The Anadarko Basin is a geologic depositional and structural basin centered in the western part of the state of Oklahoma and the Texas Panhandle, and extending into southwestern Kansas and southeastern Colorado. The basin covers an area of 50000 mi2. By the end of the 20th Century, the Anadarko Basin was producing the largest amount of natural gas in the United States. Notable oil and gas fields within the basin include the Hugoton-Panhandle Gas Field, West Edmond Field, Union City Field and the Elk City Field. The basin is also the only commercial source of iodine in the United States and a major producer of helium.

==Name==
The name likely comes from either the city of Anadarko, Oklahoma or the Nadaco tribe.

==Geology==
The basin is bound on the south by the Wichita-Amarillo uplift, on the east by the Nemaha uplift, on the north by the Central Kansas uplift, and on the west by the Las Animas arch.

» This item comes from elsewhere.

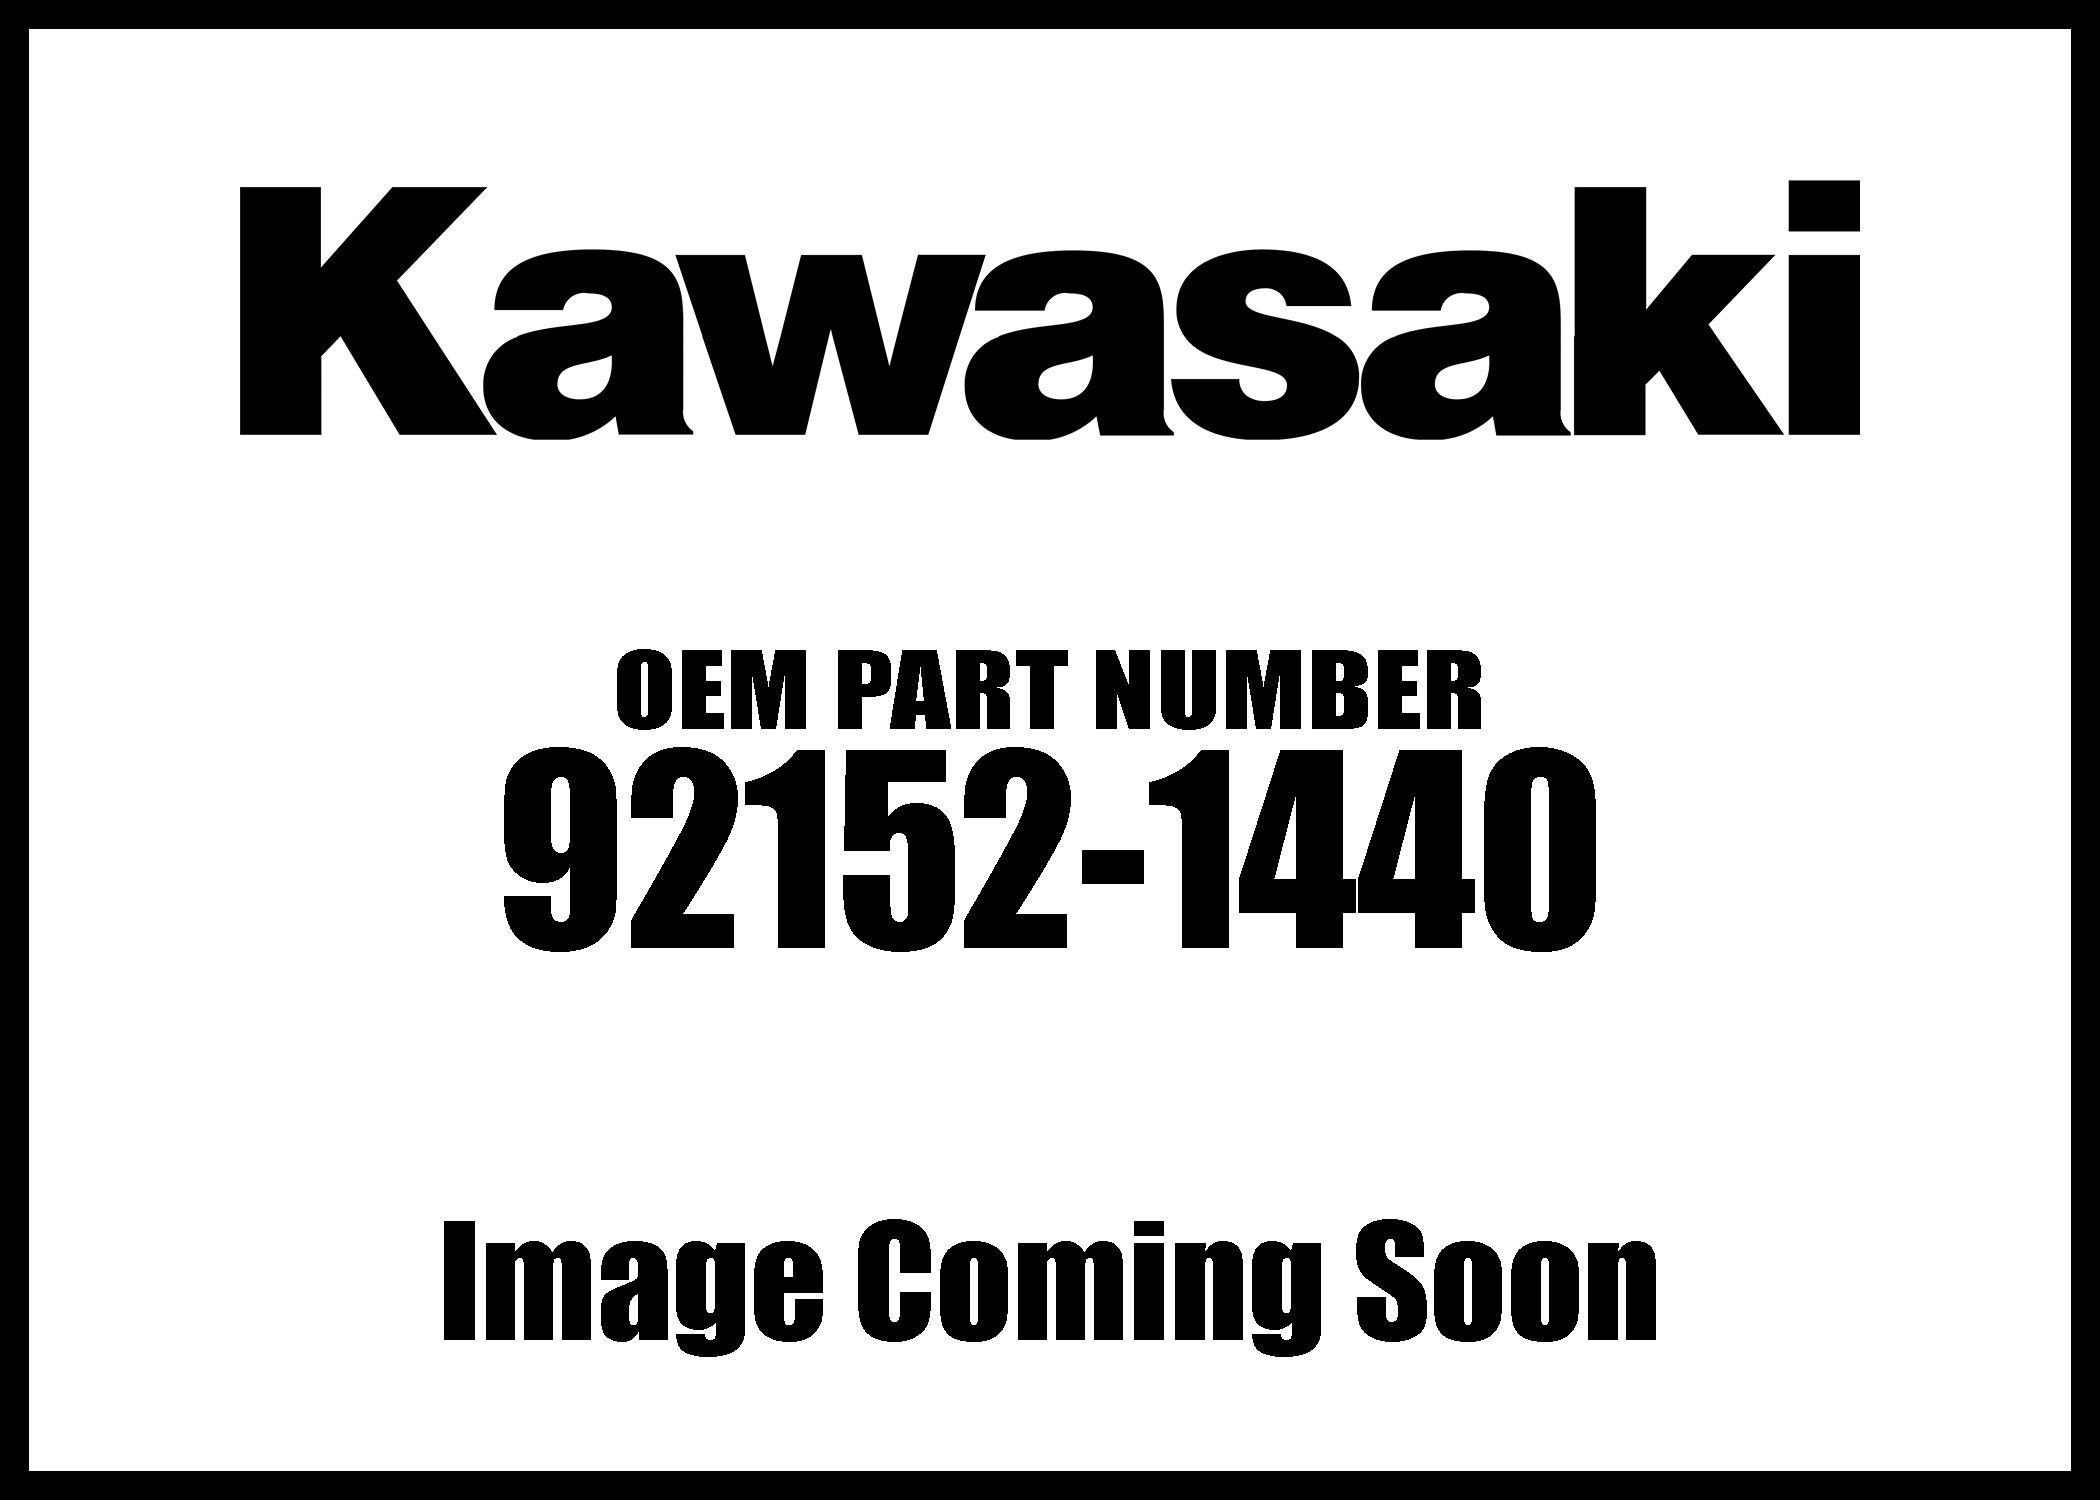 Kawasaki 2012-2018 Brute Force 650 4X4 Teryx 750 Fi 4X4 Sport T=3 7 Collar 92152-1440 New Oem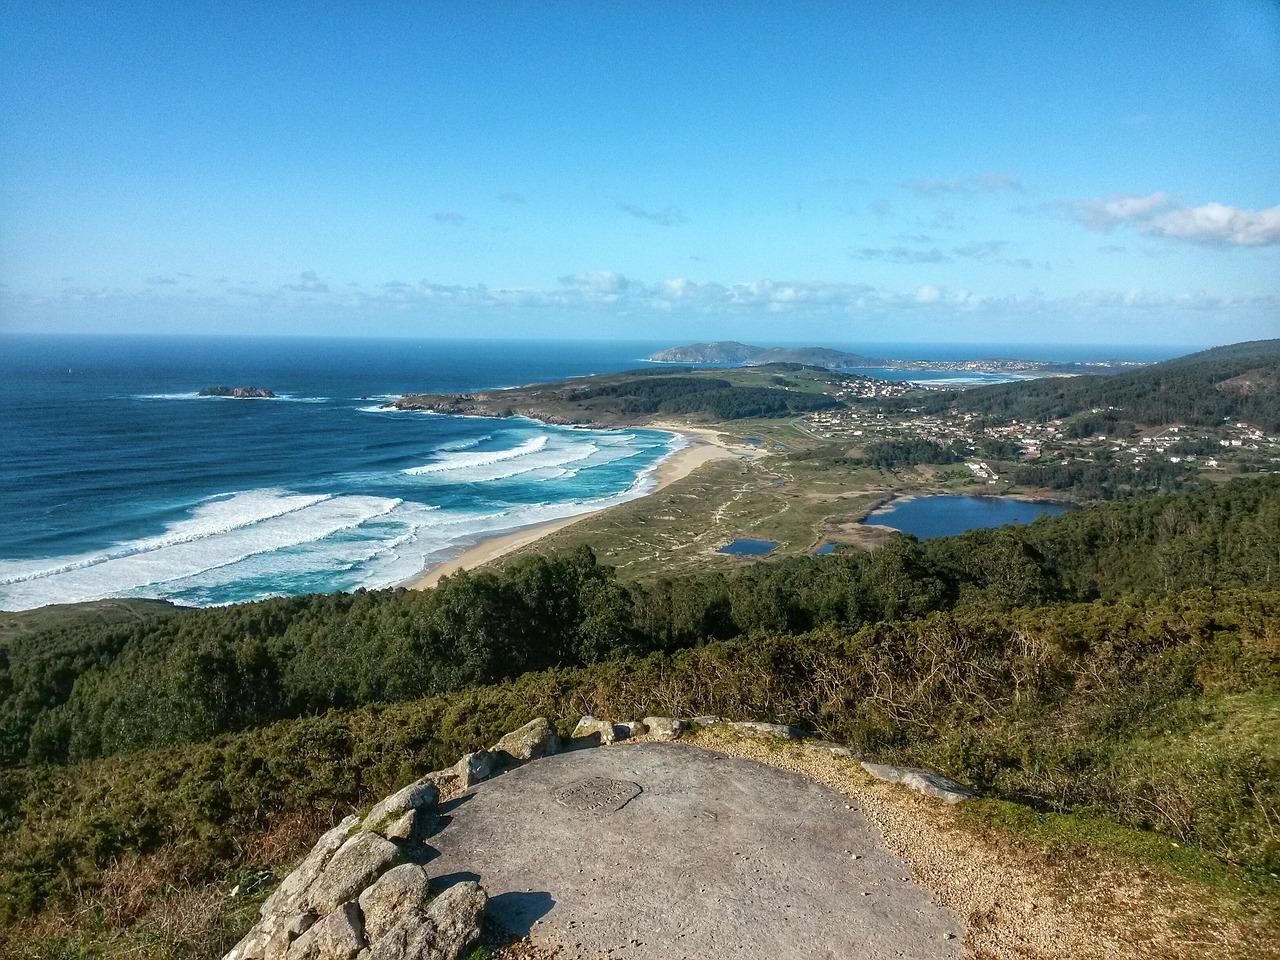 Playa de Doñinos en un viaje a Galicia en verano

Sedimentary rocks from Cambrian through Permian age fill the basin. The sedimentary column is thickest, in excess of 40000 ft, at the southern edge, next to the upfaulted Wichita-Amarillo uplift. The basin has an especially thick section of Pennsylvanian rocks, up to 15000 ft thick. The sedimentary column is only 2000 feet thick on its northern and western flanks.

==Natural resources==

===Natural gas===
The basin holds one of the most prolific natural gas reserves in North America, with ultimate gas production in excess of 100 Tcuft of gas. In 2010, the U.S. Geological Survey estimated that the Anadarko Basin held 27.5 trillion cubic feet of natural gas and 410 million barrels of natural gas liquids (NGL). An IHS Markit's report estimated more than 200 trillion cubic feet of natural gas in the basin. It is also the 5th-largest natural gas formation area in the United States.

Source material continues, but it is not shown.